I thought we were talking about health care but ok, if you want to talk about production...

That is a problem created by the government as well, it's called over regulation.
 
On the upside the small restaurant company I work for will be hiring more people.

On the downside, we are hiring people to cover the shifts of people that we are cutting back to fewer than 30 hours a week.

Obamacare is forcing us to be an employer of only part time employees. It is a damn shame that so many of our long time employee’s are going to lose so much of their incomes.

It is the employer mandate that is killing this countries economy.

If you were in the UK and I was one of your long term employees and contracted to do more hours then you are now allowing me, I would proceed with a claim for unlawful deduction of wages.

It would really be a smack in the mouth to have my hours cut and to see more staff being taken on to fill the hours that you've taken away from me. I'm guessing you guys don't see your long term employees as an asset.
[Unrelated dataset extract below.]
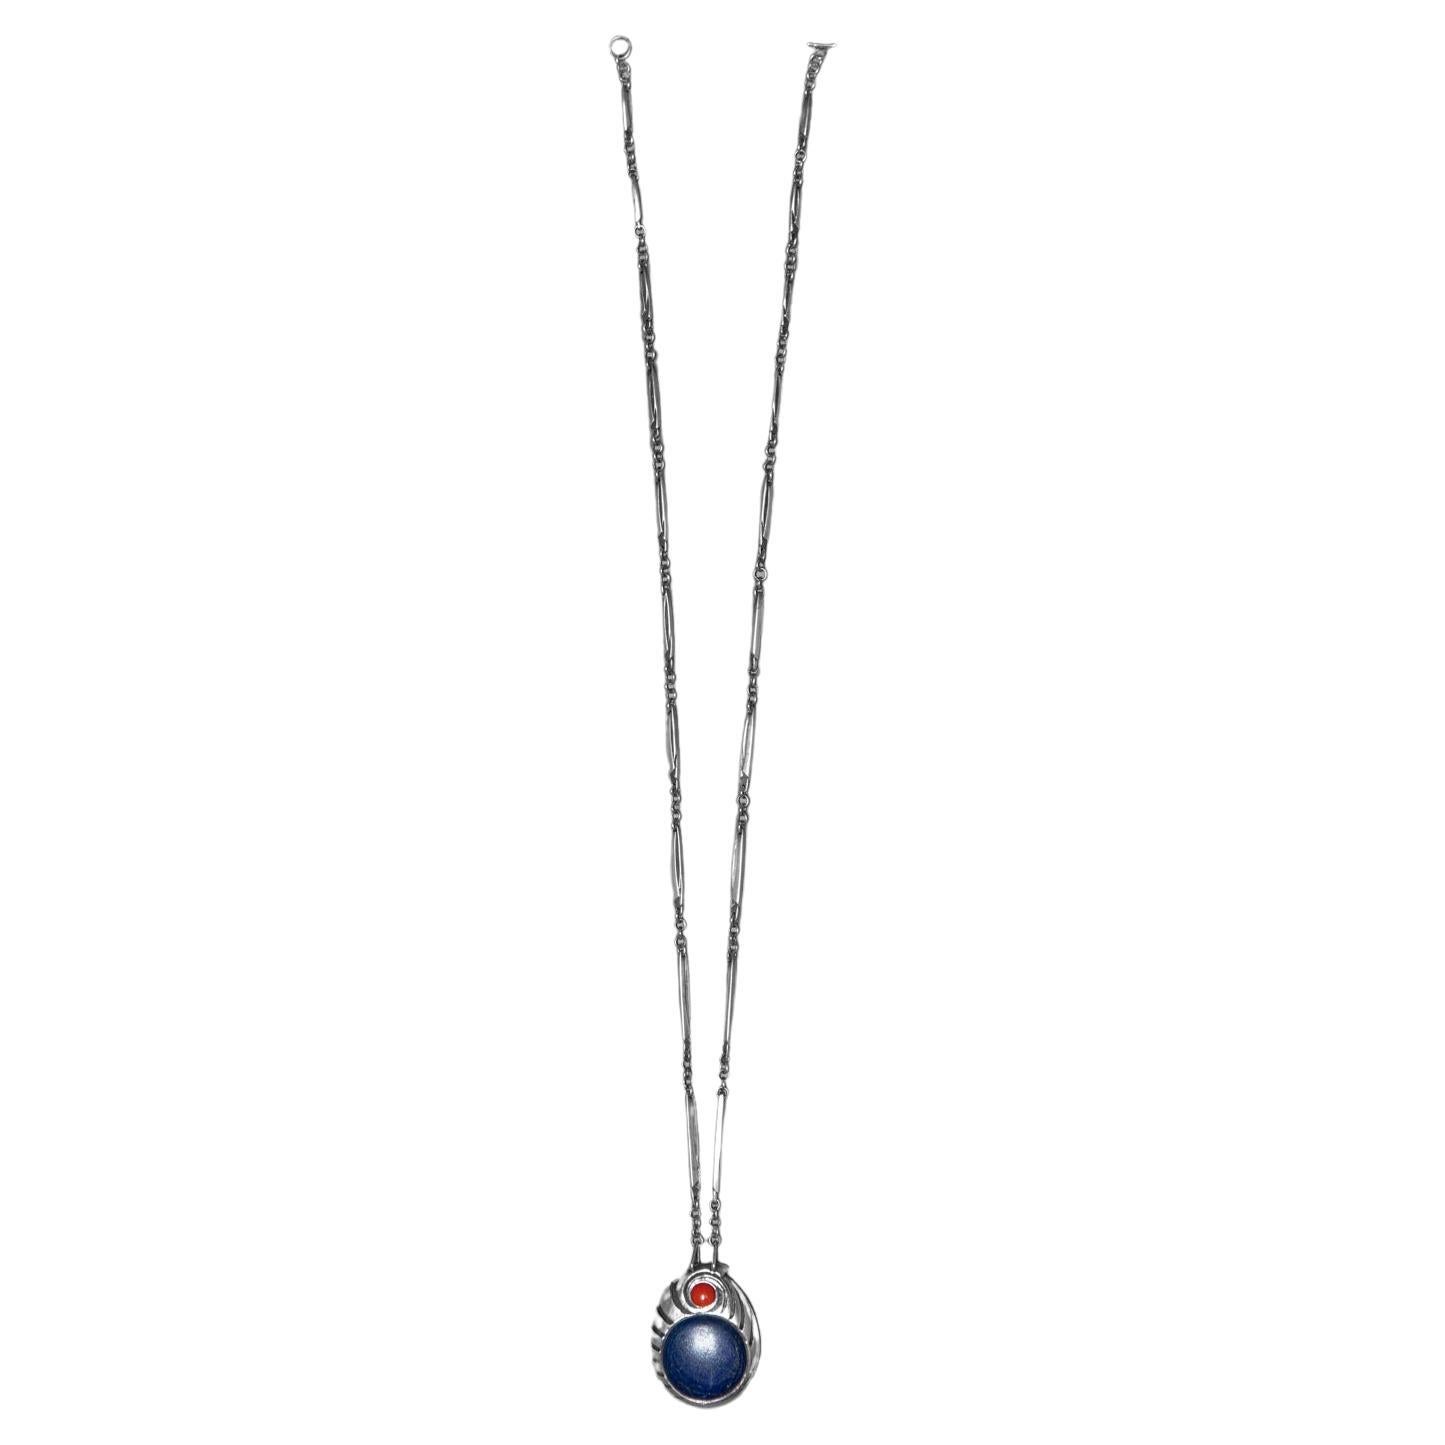 Extremely rare combination pendant attached to custom-made chain by Harry Bertoia in sterling silver, containing one Lapis Lazuli and one Coral.  This piece comes from a private collection. Provenance will accompany the piece. The work has been

Time to find different job I think.
 
If you were in the UK and I was one of your long term employees and contracted to do more hours then you are now allowing me, I would proceed with a claim for unlawful deduction of wages.

It would really be a smack in the mouth to have my hours cut and to see more staff being taken on to fill the hours that you've taken away from me. I'm guessing you guys don't see your long term employees as an asset. Time to find different job I think.

This is not something we want to do – we have to do it to survive.

In the U.S. these people will be eligible for partial unemployment insurance payments. I won’t come close to covering what they will be losing though. We will have to cover the cost of this as well, but there is no way in the world we could ever afford to offer insurance to all of those employees.
 
Chrunch Houston
We are not minimizing anything. We will still pay the same number of people to work each shift. We will just be paying more people who work less.

We cannot afford to pay for our employee’s insurance. A full time waiter makes $700 a week or more – they can afford to buy their own insurance. I pay for mine, I work in the office and don’t make tips.

The owners of my company, a married couple, went way out on a limb and risked everything to open their first location. Lucky for them it was a success and they were able to open a few more locations. At one time there were five locations now there are three. More often than not a new restaurant will fail.

Now those $700 a week waiters will be lucky to make $450 a week, and the individual mandate will force them to buy insurance that they would have been able to afford before obamacare, but now will struggle to pay for.

You pay the same number of people, but they work less, and, i'd wager, work for less as well.

@arora: yes, there's a solution! Make the workers work in the same or worse conditions than they get in china and then the jobs will come flying back!
 
@arora: yes, there's a solution! Make the workers work in the same or worse conditions than they get in china and then the jobs will come flying back!

Who recommended that? lol

Anyway...

The plite of the small business owner in the U.S. is something I know about. They get hammered in two ways; laws written by special interest groups that make it hard to compete with the big boys, and laws written by the wealth redistribution folks. Both equally devistating but in the end, the poor or bottom end of the society ends up loosing the most.
 
Now those $700 a week waiters will be lucky to make $450 a week, and the individual mandate will force them to buy insurance that they would have been able to afford before obamacare, but now will struggle to pay for.

I'm guessing the $700 per week is mainly down to the tips they get gained from working the longer hours?

If so, here's a solution;

Get together with your main competitors (who are also cutting hours) down the street and simply share employees. 20 hours at your gaff and 20 hours at theirs. The result will be the waiters get to work their normal hours, thus don't lose out, and both companies weasel their way out of their obligation, thus saving money.